I had 2 times recon from CFW the next day at exactly 7pm - 9pm,it was very manageable and the second time weaker. After these 2 times it never happened again.

Then 4 days ago I did one loop of Ascension and it was super good until the next day where my unhealthy self esteem crawled to the surface.
I saw/felt a part of myself as very disabled, beaten down to a cripple. I try to give love to this part but it didn’t really happen so I pulled out another trick. I have an holographic image of a Warrior that I have created years ago it looks like a mixture of Son Goku and a viking glowing in light and gold with a Aurabubble of white and slight gold. I let the Warrior insert both hands into the back of the cripple and start to heal him from the inside out until the cripple was a tal standing man with a withe blue light shining from the inside out.It took me 15 min until everything was clean. Then I let the Warrior merge with the new holographic picture and then I stepped into the new me.

My posture was immediately corrected and the backpain I had all my life was gone.

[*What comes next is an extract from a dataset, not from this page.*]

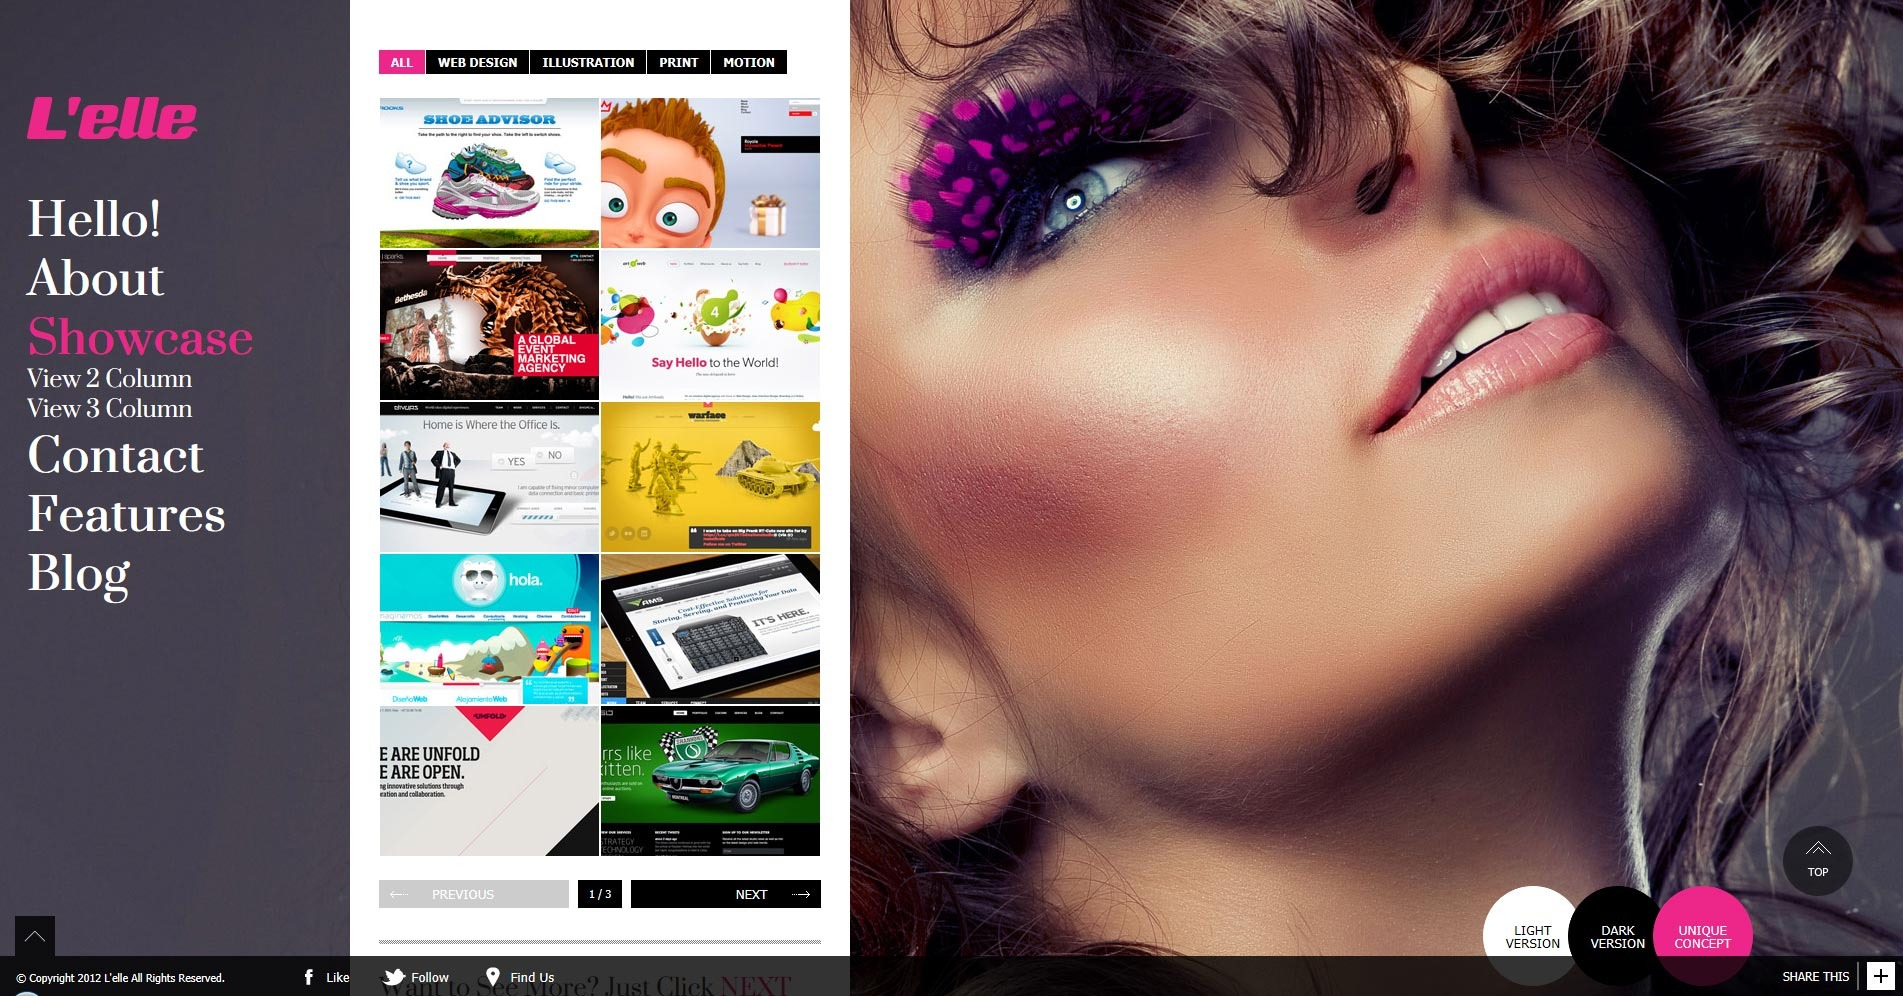 L'elle Creative Agency Showcase - showcase 2column overall view

Then another part showed himself, I saw/felt myself laying down on the ground and let the beating happen I expirienced as a child.

Did the same process again with that part of myself.

After this was done I heard a couple of times how parts of my old unhealthy self esteem said things like

Your unusable
You are good for nothing
You can do nothing
You are filthy
Bla Bla Bla Bla

This time I could meet this parts with love until love was everything that was left.

Since 2 days I don’t bow, I don’t shy away, look away, flee, lower myself anymore to other people.

Yesterday I was out in another city and I walked normally , 3 Albanian guy crossed my way and start to laugh in disbelief, I heard one of them say: common how big can you be?
Women where nodding at me and subcomunicate: I want you inside me.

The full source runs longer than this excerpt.